Thanks for any help you can give!

x


----------



## 2fargone (Jun 14, 2011)

Kimberley888 said:


> Hey everyone,
> 
> I am just about to go over to Pretoria to stay with my boyfriend for 3 months on a holiday visa (I have a UK passport). I heard once I am over there I can extend it for another 3 months if I wanted to. Does anyone know how to do this? Is there an office I have to visit or an applicaiton form online?
> 
> ...


Hi,

I have done this multiple times. Go into HA get the Visitor Visa Extension form. ( I forgot the official name.)

But you will need: (This is what I needed when I last did this things might have changed)
Plane ticket
Proof of funds I took a copy of my bank account 
And the fee. I remember it being around R480

Try to go into HA around a month before your 3 month visa expires to start gathering the paper work.


----------



## Kimberley888 (Apr 10, 2013)

Hi, 

Thanks so much for your reply...that great news! 

Sorry I might be being silly... but what is HA?

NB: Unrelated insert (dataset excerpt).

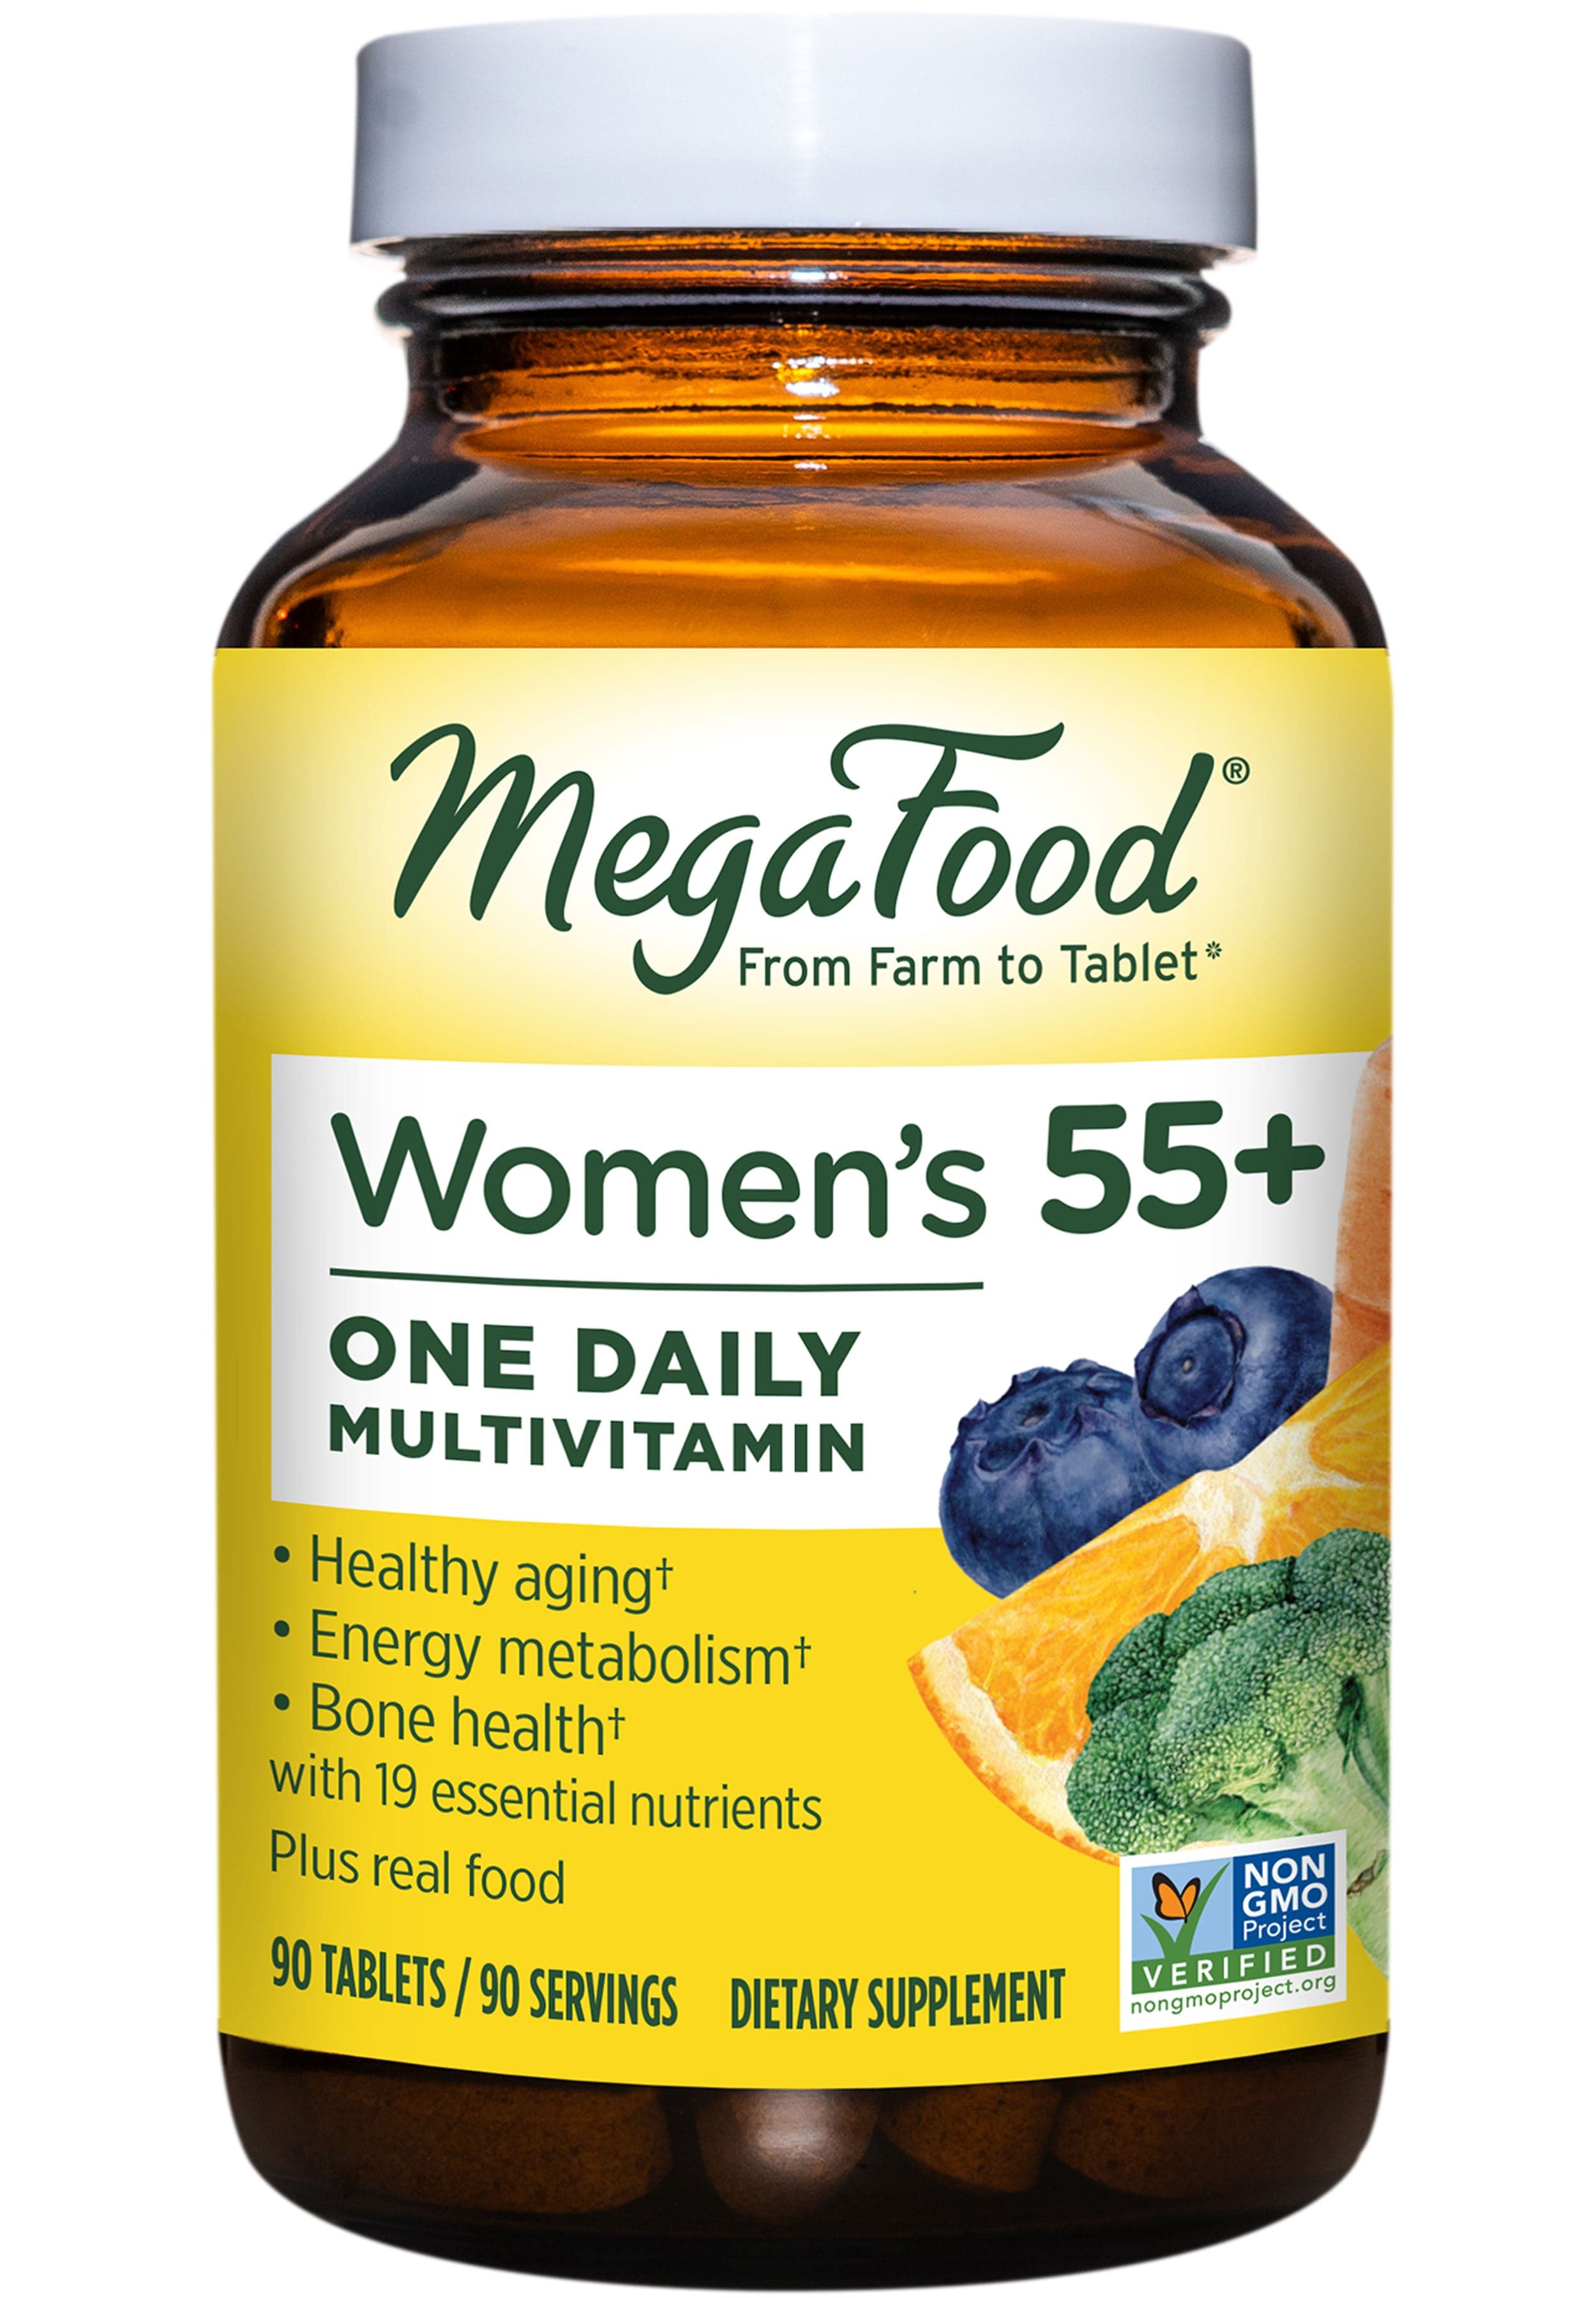 MegaFood Women's 55+ One Daily Multivitamin (Formerly Women Over 55 One Daily)

Also I have a plane ticket for 3 months and then I was going to extend it for another 3 months...should I do this before I try to get the extension?

Thanks


----------



## 2fargone (Jun 14, 2011)

Kimberley888 said:


> Hi,
> 
> Thanks so much for your reply...that great news!
> 
> ...


Hi,

HA= Home Affairs 

And, yes you will need to have to extend the ticket before you go to Home Affairs to apply for the extension.


----------



## LegalMan (Dec 26, 2012)

Yes, you can extend it, but the new act amendments are coming into effect soon and if you wish to apply for a change to a new permit, you'll have to return home. I'm saying this as you may qualify for a Relative's Permit (Life Partner Permit) if your boyfriend is a South African citizen or Permanent Resident.


----------